Scientists grappling with anaconda.
Zoologists find conservation goldmine in Guyana
18 June 2010
Rob Pickles travelled to a remote stretch of rainforest in search of the rare giant otter. He found it, along with a variety of other animals beyond his wildest hopes.
Giant anacondas are not the sort of beasts to suffer fools gladly. Anything that can turn you into a loose, wet bag of shattered bone deserves to be treated with a great deal of respect, which was why we approached this particular polished black coil of muscle and sinew with some trepidation.
'That is a BIG camoodie Boy!' Kevin grinned broadly. Ash sized up the snake with a professional eye and thought it looked catchable. 'Let's just hope she doesn't musk; if she musks we'll stink of anaconda for weeks. Ryol, you're tailman'. Ryol grumbled something about always being tailman and perpetually covered in musk and having only just washed his clothes to top it all, but resigned himself to his role.

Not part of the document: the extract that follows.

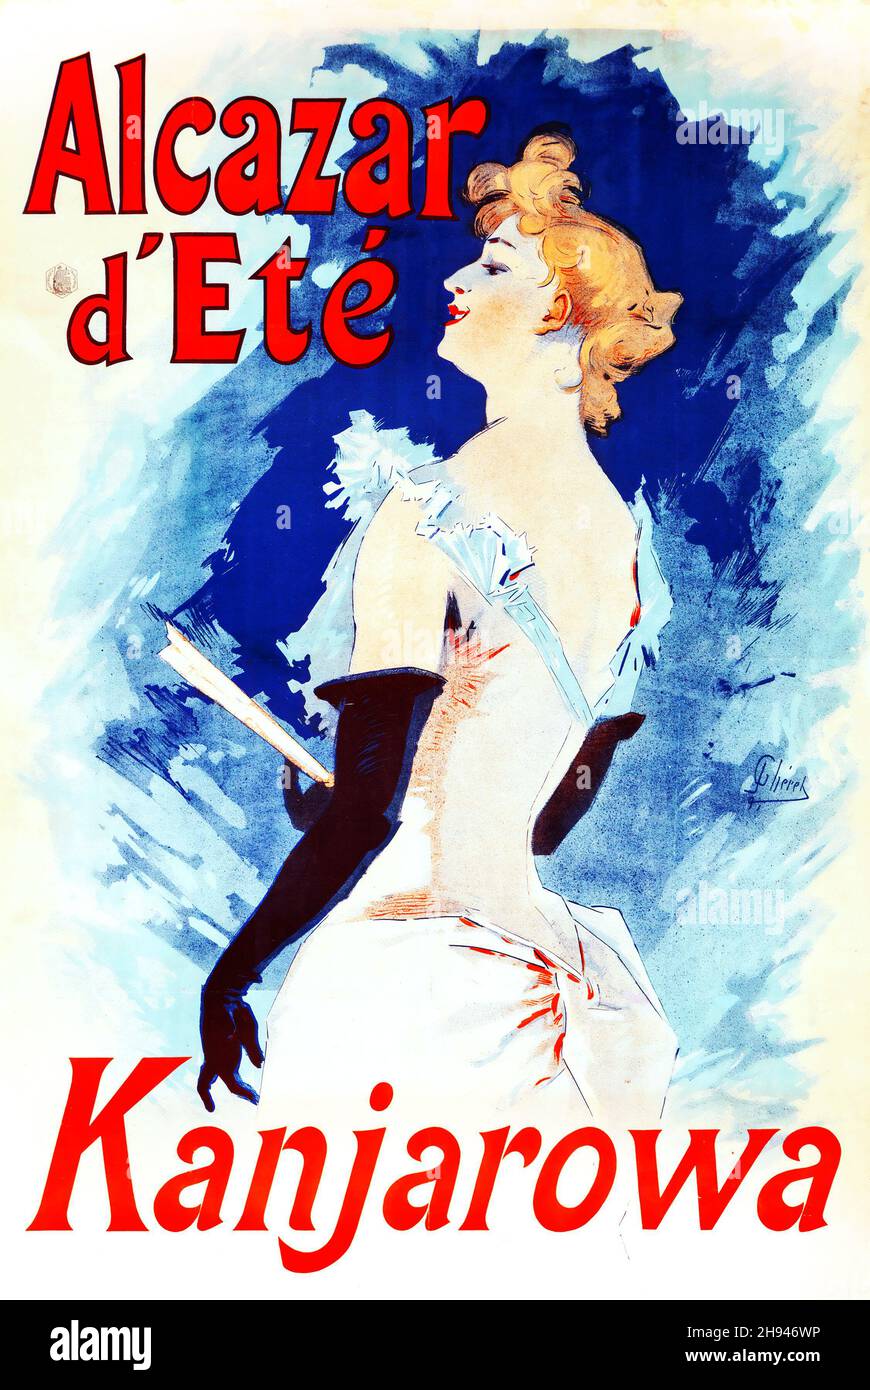 Alcazar d'Ete - Kanjarowa, 1891 - Poster art by Jules Chéret (1836-1932). French. Stock Photo

Anything which can turn you into a loose, wet bag of shattered bone deserves to be treated with a great deal of respect.
The anaconda reacted to the weight of four grown men on her with some displeasure and writhed with shocking strength. Ryol hauled on her tail for all he was worth and Niall clamped tight behind the head as her mouth opened with a husky hiss that smelt of rotten meat and exposed rows of sharp teeth. The jaws were bound, eyes covered, and bit by bit the fight left her. We had a length of rope in the boat and measured her from nose to tail, coming out with a final length of just over 5.5m with a girth of nearly 70cm.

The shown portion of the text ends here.